A couple horses at our yard do this too, normally only after weve been making feeds up tho..licking up the leftovers!


----------



## lucym (6 July 2008)

mine will lick my hands for ages after having a polo


----------



## Jane_Lou (6 July 2008)

Does she have access to a salt lick? Horses often lick you for the salt on  your skin.


----------



## Cahill (6 July 2008)

perhaps she think you are a salt lick.lol


----------



## wellybob (6 July 2008)

I think sometimes its to do with salt deficiency (sp) however my mums horse didn't have one he just loved licking people lol..


----------



## EquestrianFairy (6 July 2008)

[ QUOTE ]
mine will lick my hands for ages after having a polo 
	
	
		
		
	


	





[/ QUOTE ]

Ditto


----------



## kirstyhen (6 July 2008)

My boy does it after a treat or his dinner. He gets quite obsessive about it, he'll lick the walls if he cant get to me!! But he doesnt lick mineral licks etc if you give him them so im not sure why he does it!!!
I don't mind him doing it, can't see what harm it does! Im sure Im wrong though, theres probably some huge reason you shouldn't do it!!!


----------



## FrankieBoy (6 July 2008)

Frankie loves to lick, Everything. Every time He is fed a treat (polo, apple etc) He'll then spend ages licking my hand, arm.. anything thing He can get to. &amp; if no ones there, He just licks the wall. He has a salt lick in his stable which he doesnt touch and his teeth are fine and dont need doing.
He's an odd boy =\
As far as I can tell theres no harm in it. The vet didnt seem to mind when he came to do his vaccs and frankie stood there licking his face for tweny minutes!
x


----------



## Irishcobs (6 July 2008)

Most of the horses at work love licking me but not the others at the yard, even those that have salt licks. Maybe I sweat more than the others (eugh!!) or maybe they like my shower gel I don't no.


----------



## Sharonr (6 July 2008)

My boy licks me loads and he has access to a salt lick too.
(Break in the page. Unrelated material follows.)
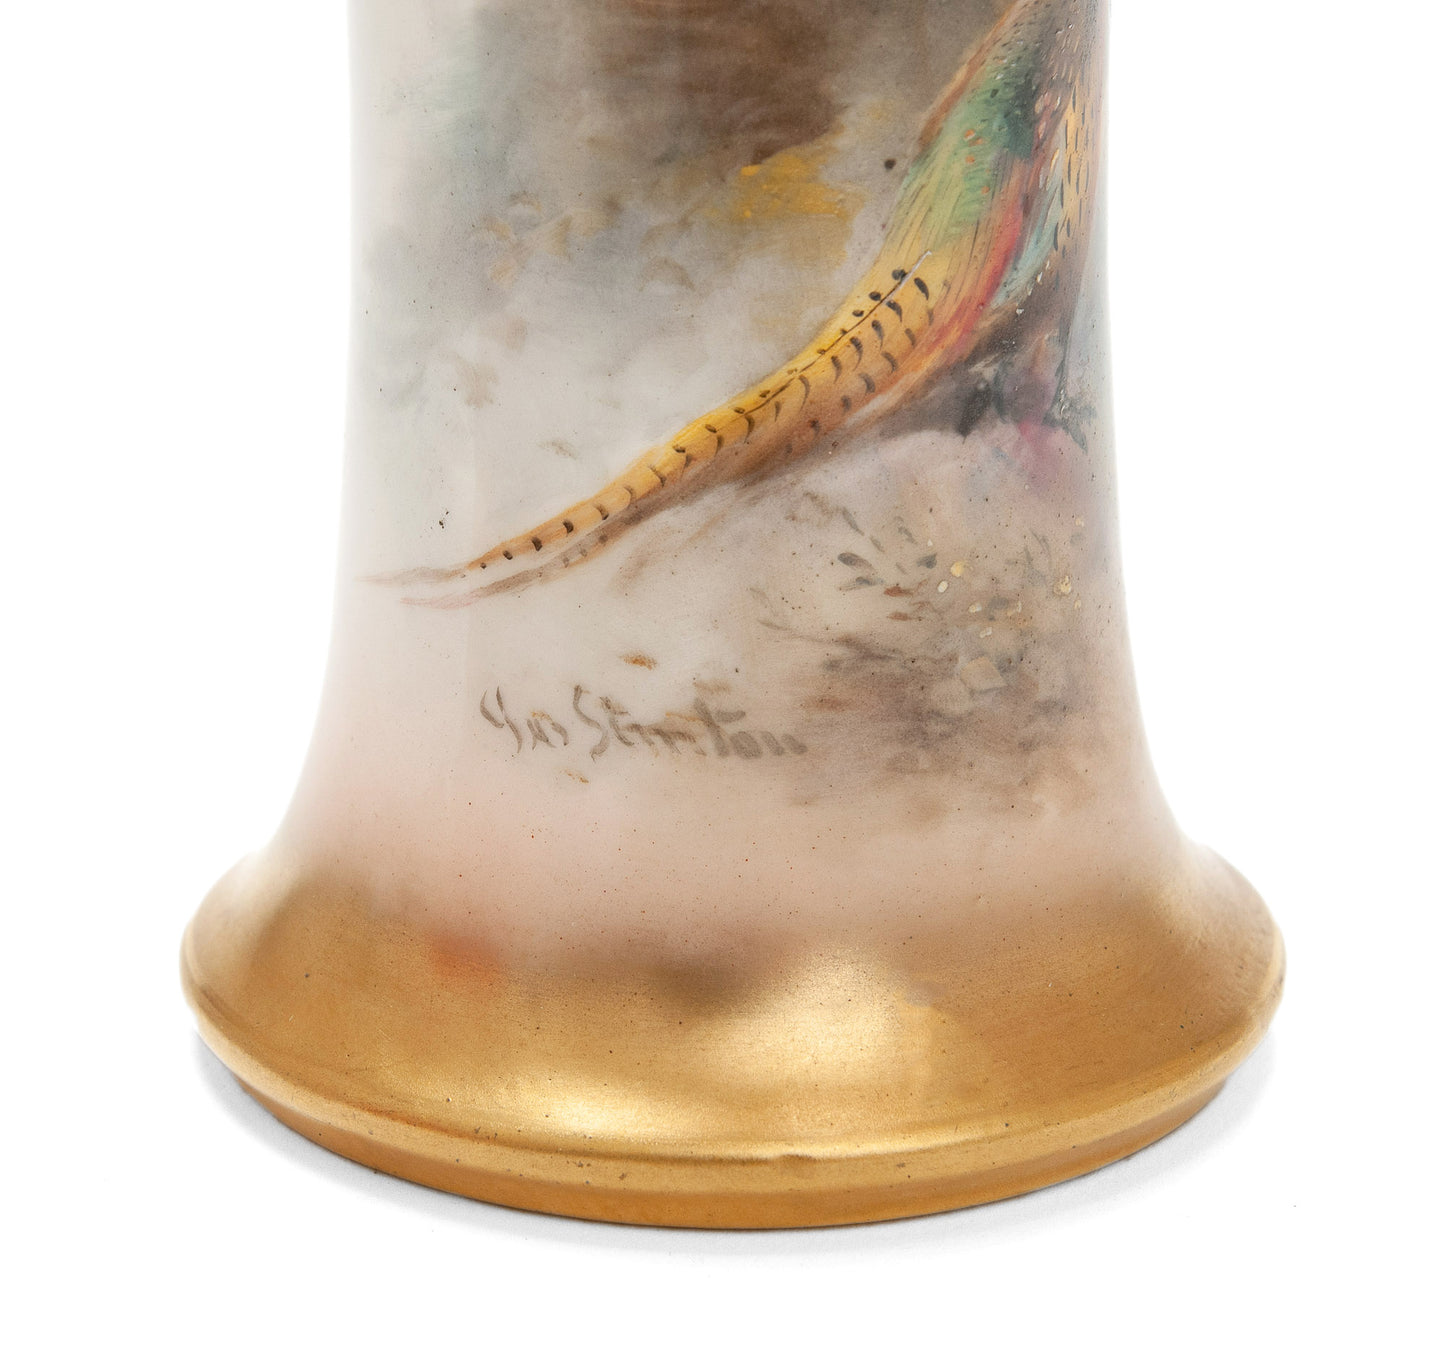 Royal Worcester China James Stinton Woodland Pheasants Hand Painted Vase 1934 (Code 2100)
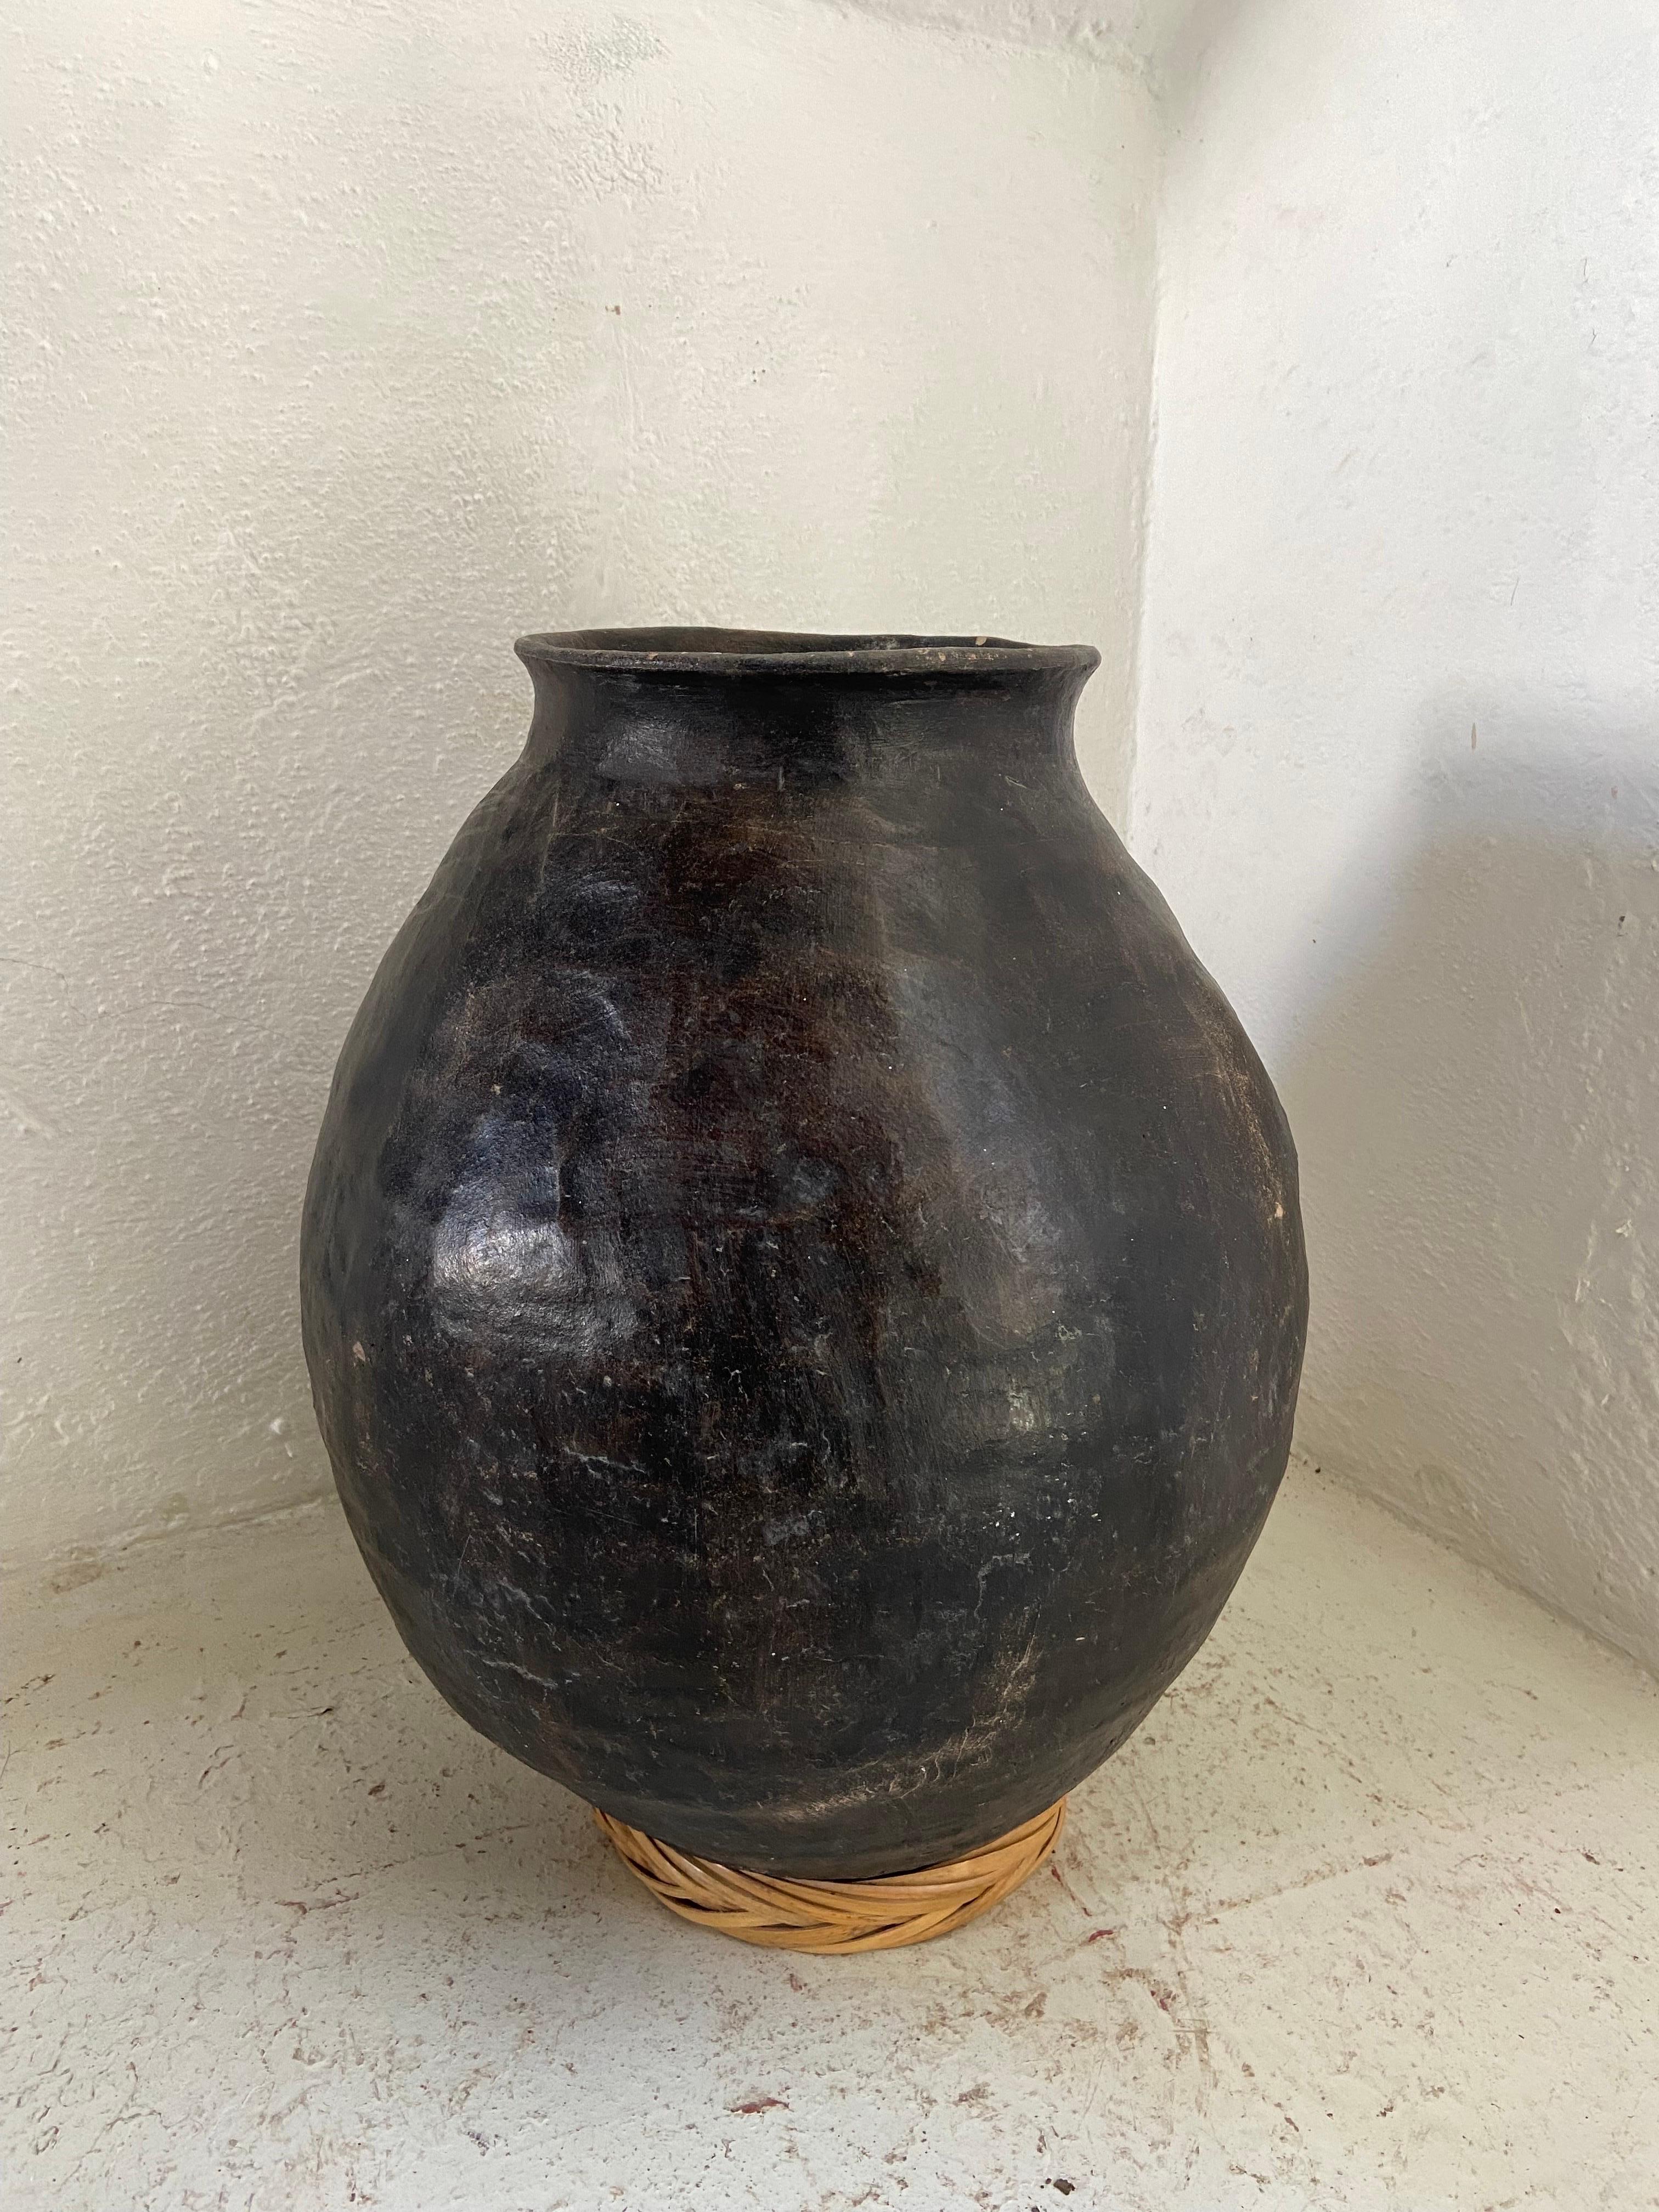 Primitive Tarahumara Ceramic Water Vessel from Mexico, circa Early 1900s

He licks my hands, face, jacket, jeans, boots.....feel that he is just being very affectionate when he does and it's quite sweet.


----------



## JoJo_ (6 July 2008)

My mare likes to lick my hands. Shes 7 but quite babyish in the way that she will try to get her lips around anything she can. But she doesnt bite. I think its just playfulness too. She has a salt lick in her stable.


----------



## Henbug (6 July 2008)

Mine licks me all the time and loves to stick his tongue out to have it scratched/squeezed (weird pony i know).  There's no time he does it particularly just when ever.  He has a salt lick in his stable but he doesn't lick it that much.  He does occsionally but not often.


----------



## Ebenezer_Scrooge (6 July 2008)

My horse also licks alot and he has a salt lick that he uses. He seems to love my jeans, top, chest anywhere really.  He always does during a scratching session on his back, neck, withers etc if he can reach me.  Sometimes he grooms me back but usually he licks!


----------



## sachak (6 July 2008)

chester licks me but i fear he may start thinking his name is NO so ive given up!!!


----------



## tania01 (7 July 2008)

my youngster licks me all the time ever since i had him.


----------



## Mosh (7 July 2008)

mine licks me and a few other people.
maybe he thinks we taste nice?


----------